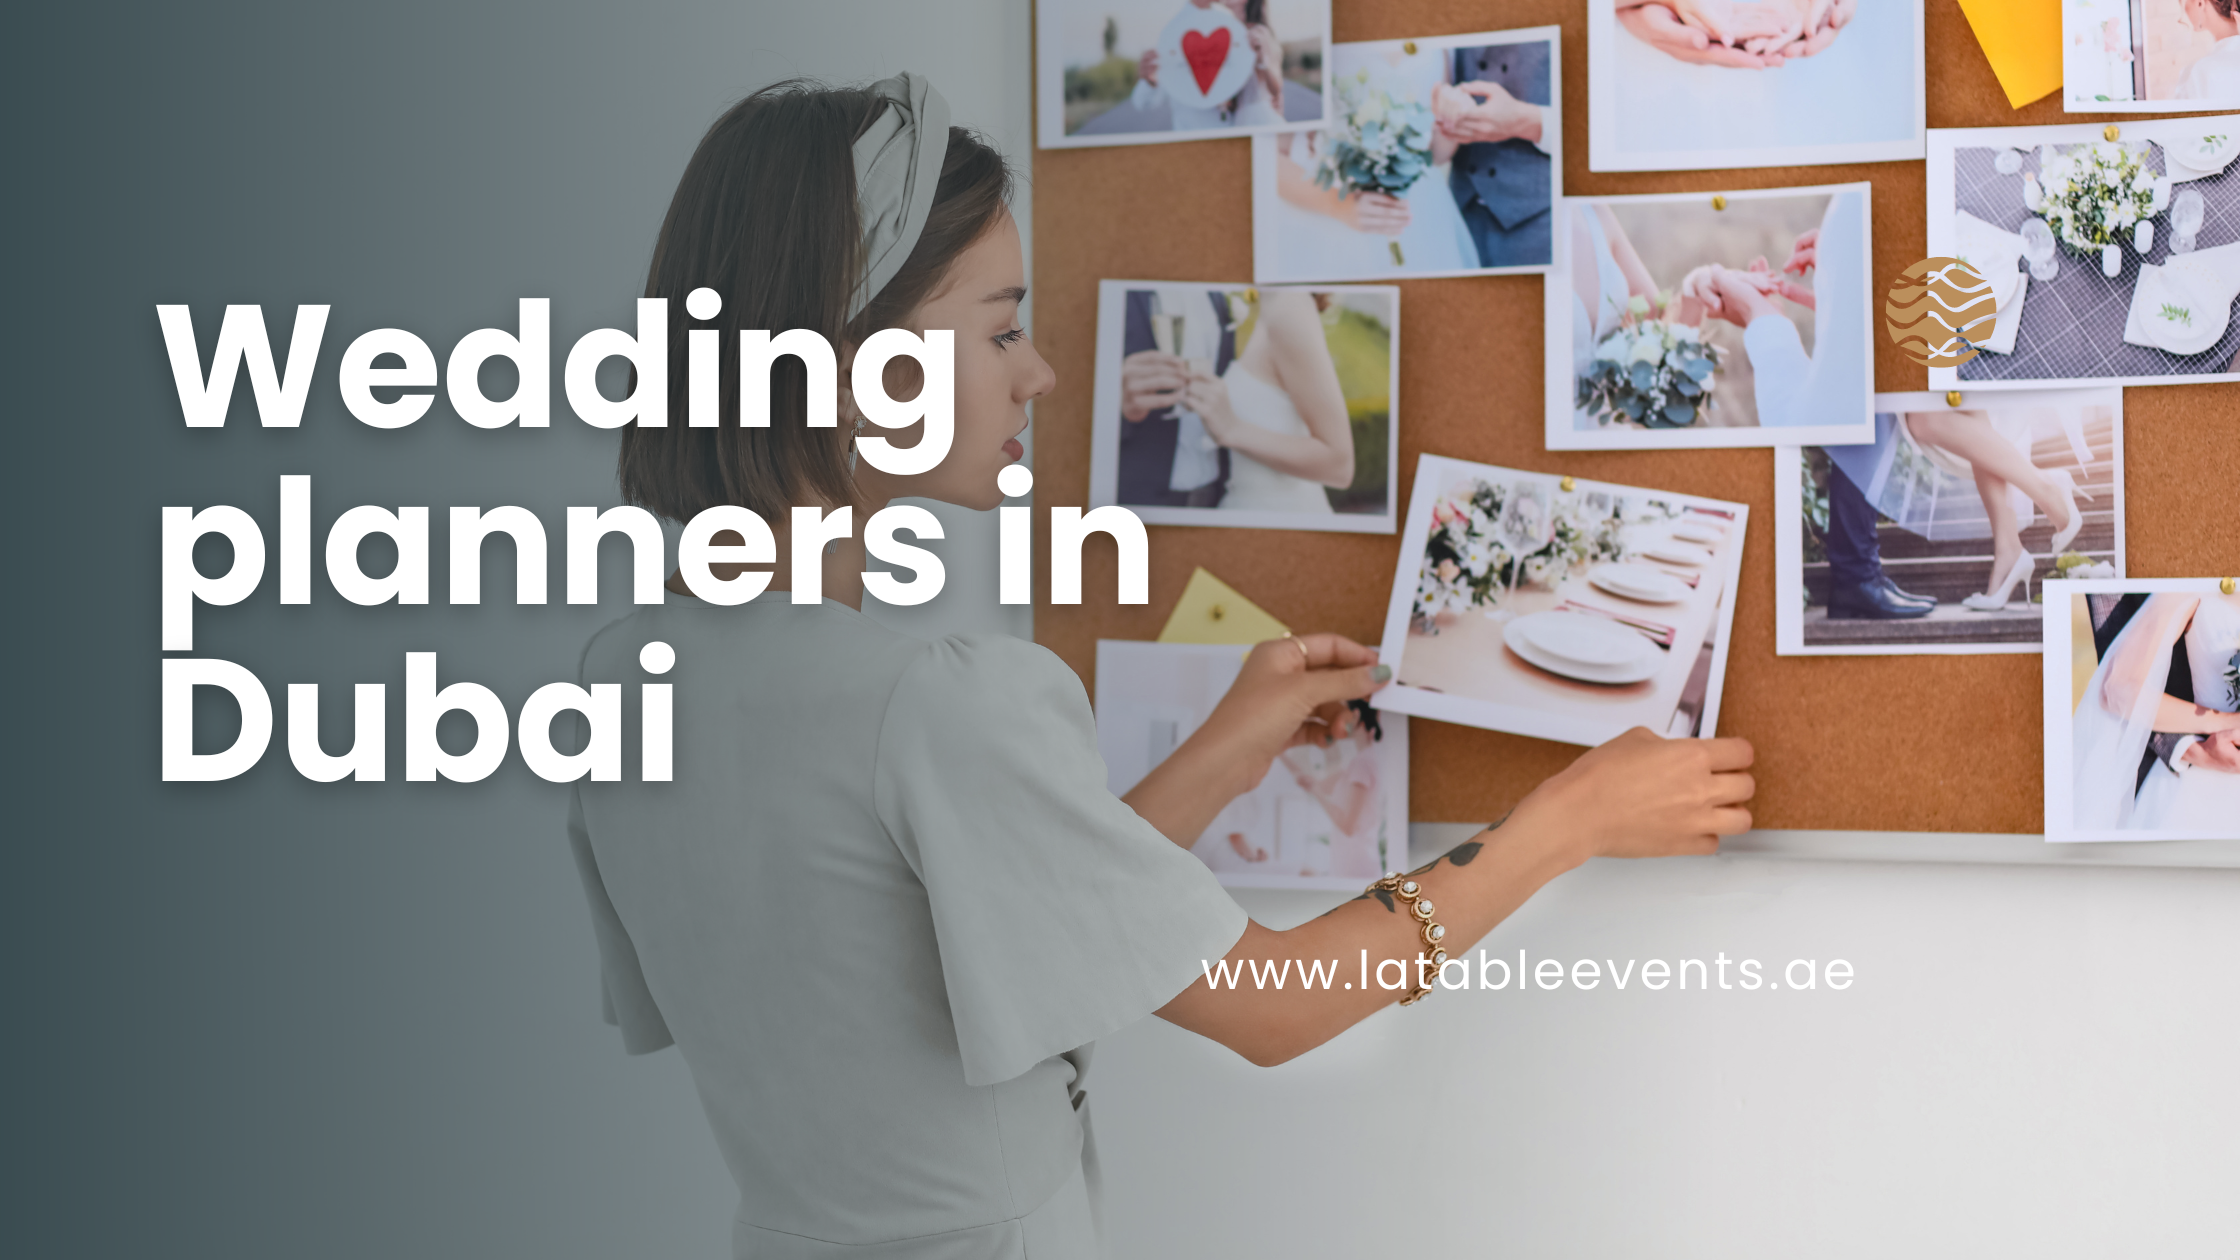 Wedding planners in Dubai
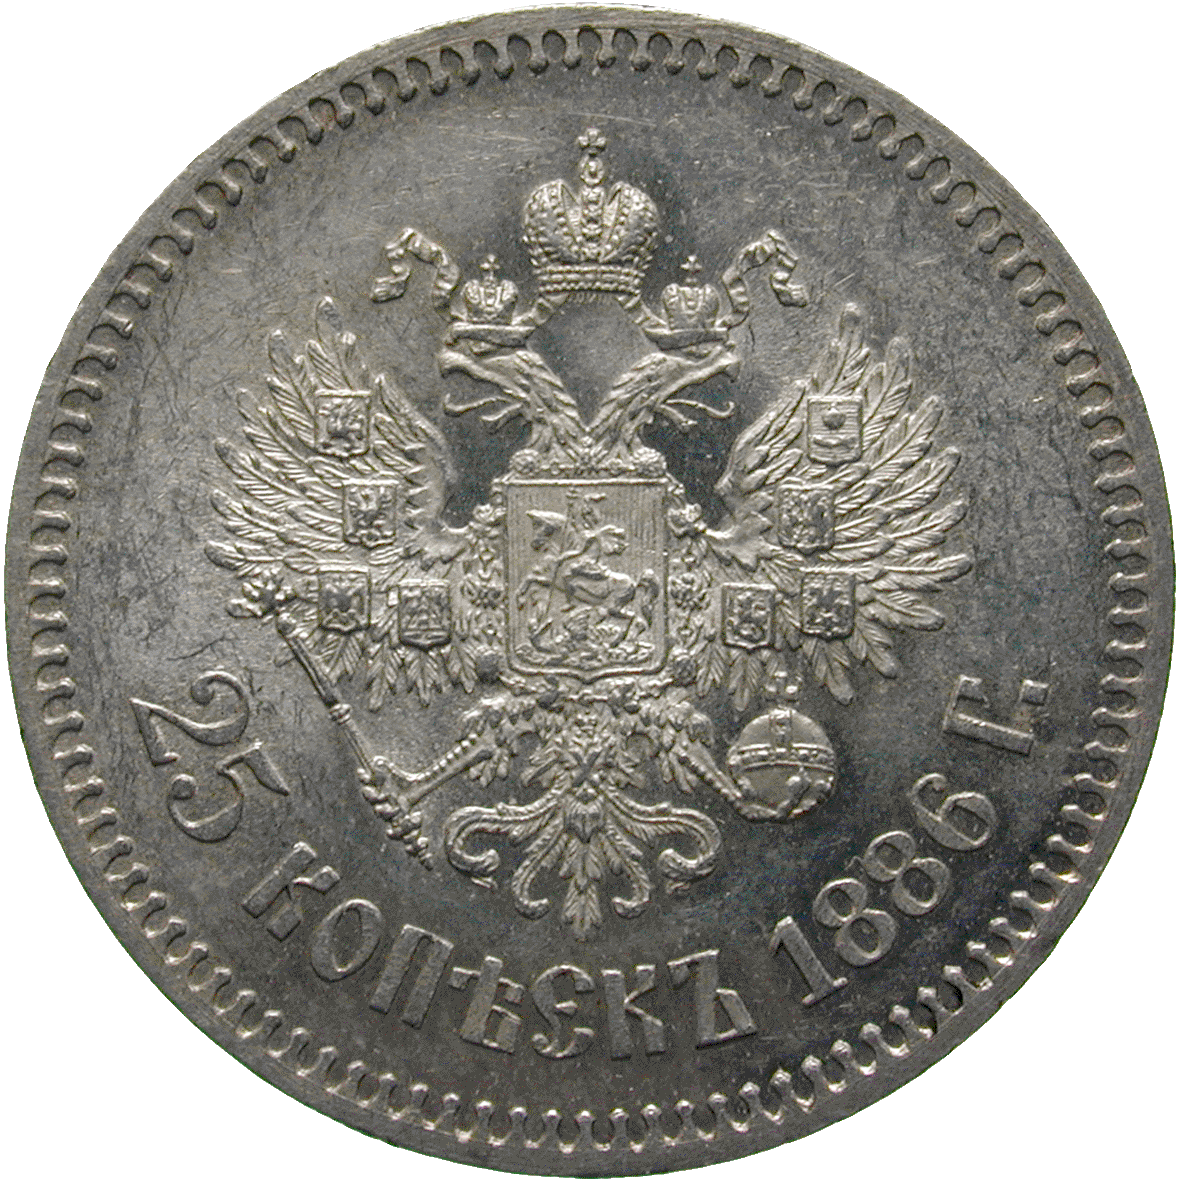 Zarenreich Russland, Alexander III., 25 Kopeken 1886 (reverse)
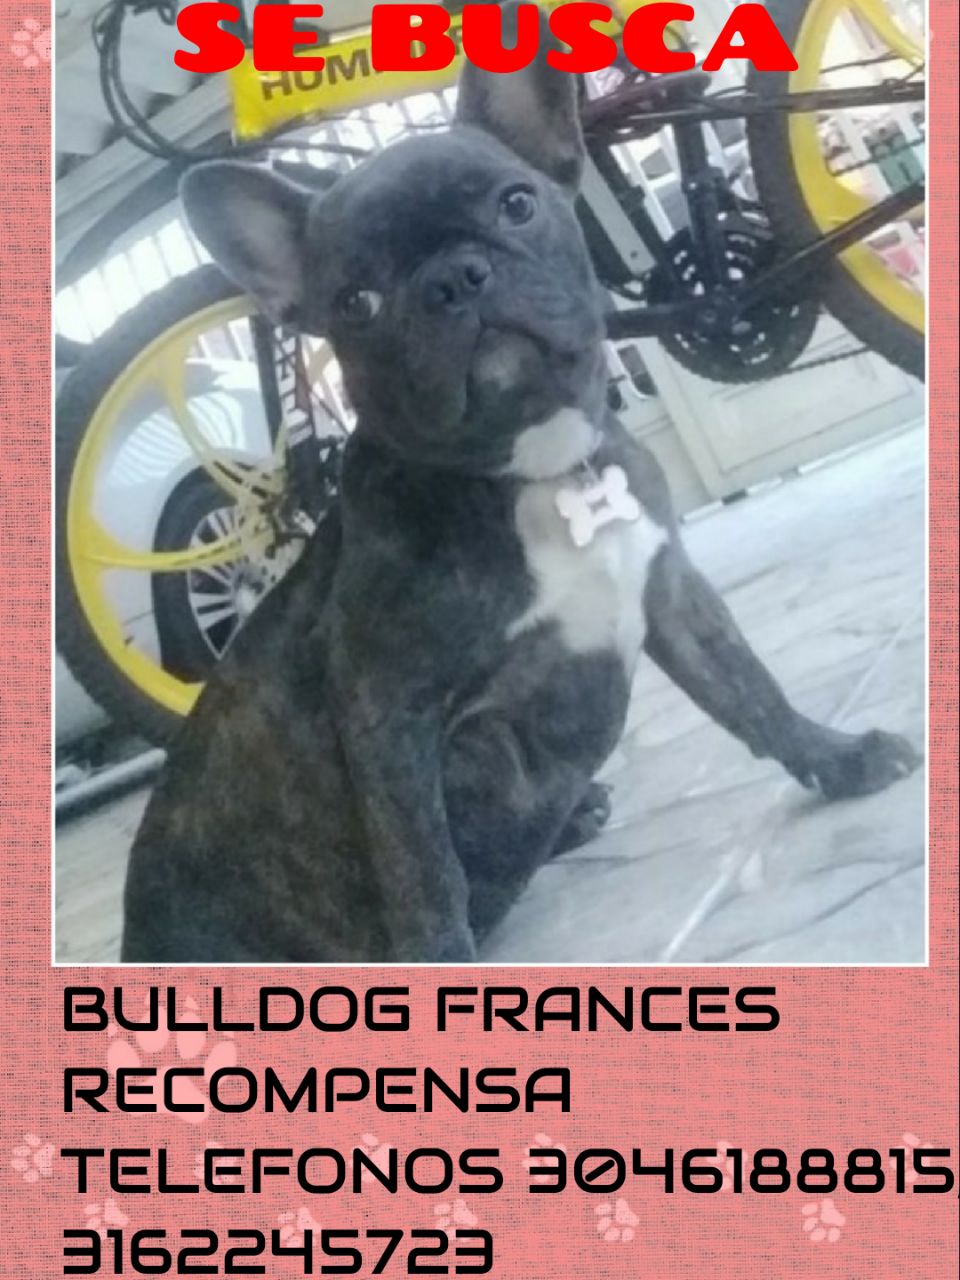 bulldog frances
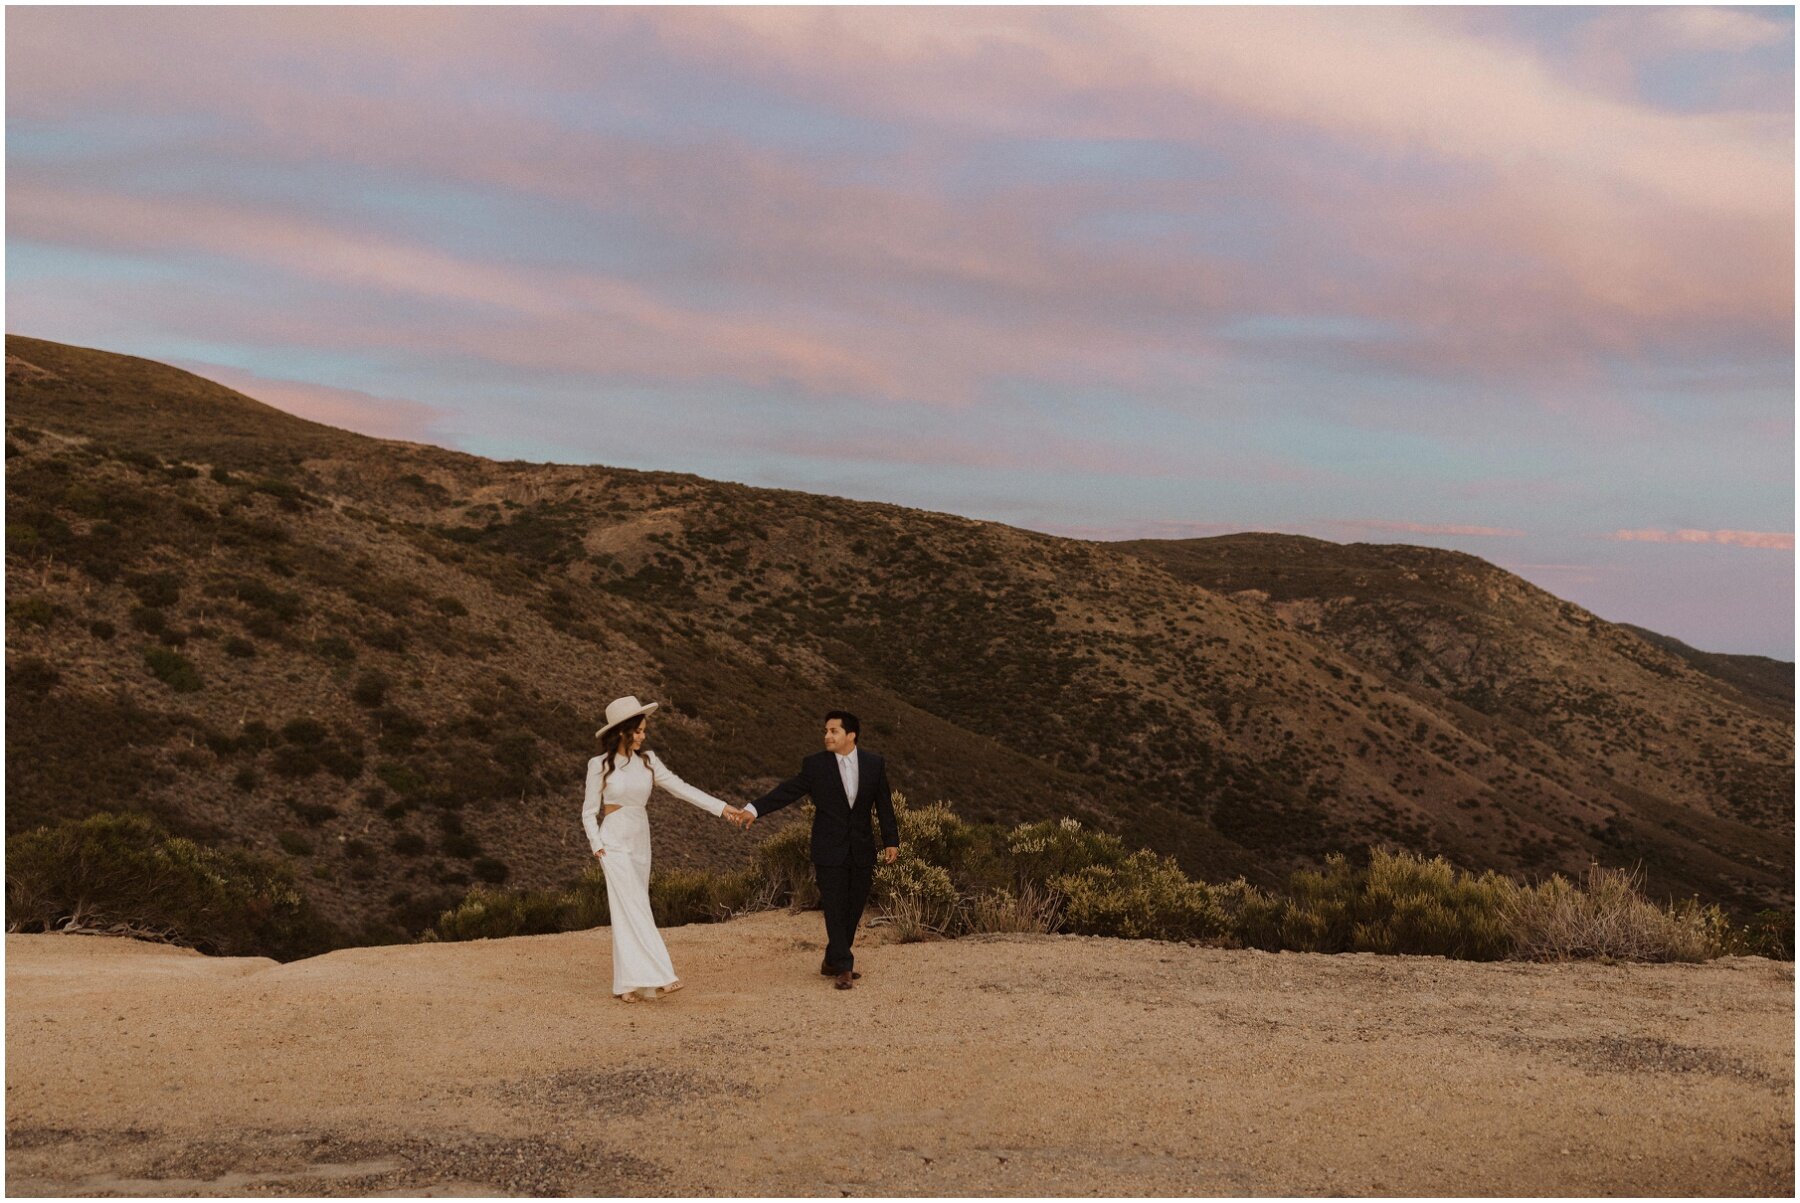 desert engagement session in california - erika greene photography - couples photographer_0021.jpg

> YOUR TASK
Once the line containing "Zarenreich Russland, Alexander" is found, transcribe it and the rest of the lines to the end of the listing above exactly, omitting all pictures.

> SOLUTION FOR THIS PROBLEM
 Zarenreich Russland, Alexander III., 25 Kopeken 1886 (reverse)
 bulldog frances
 desert engagement session in california - erika greene photography - couples photographer_0021.jpg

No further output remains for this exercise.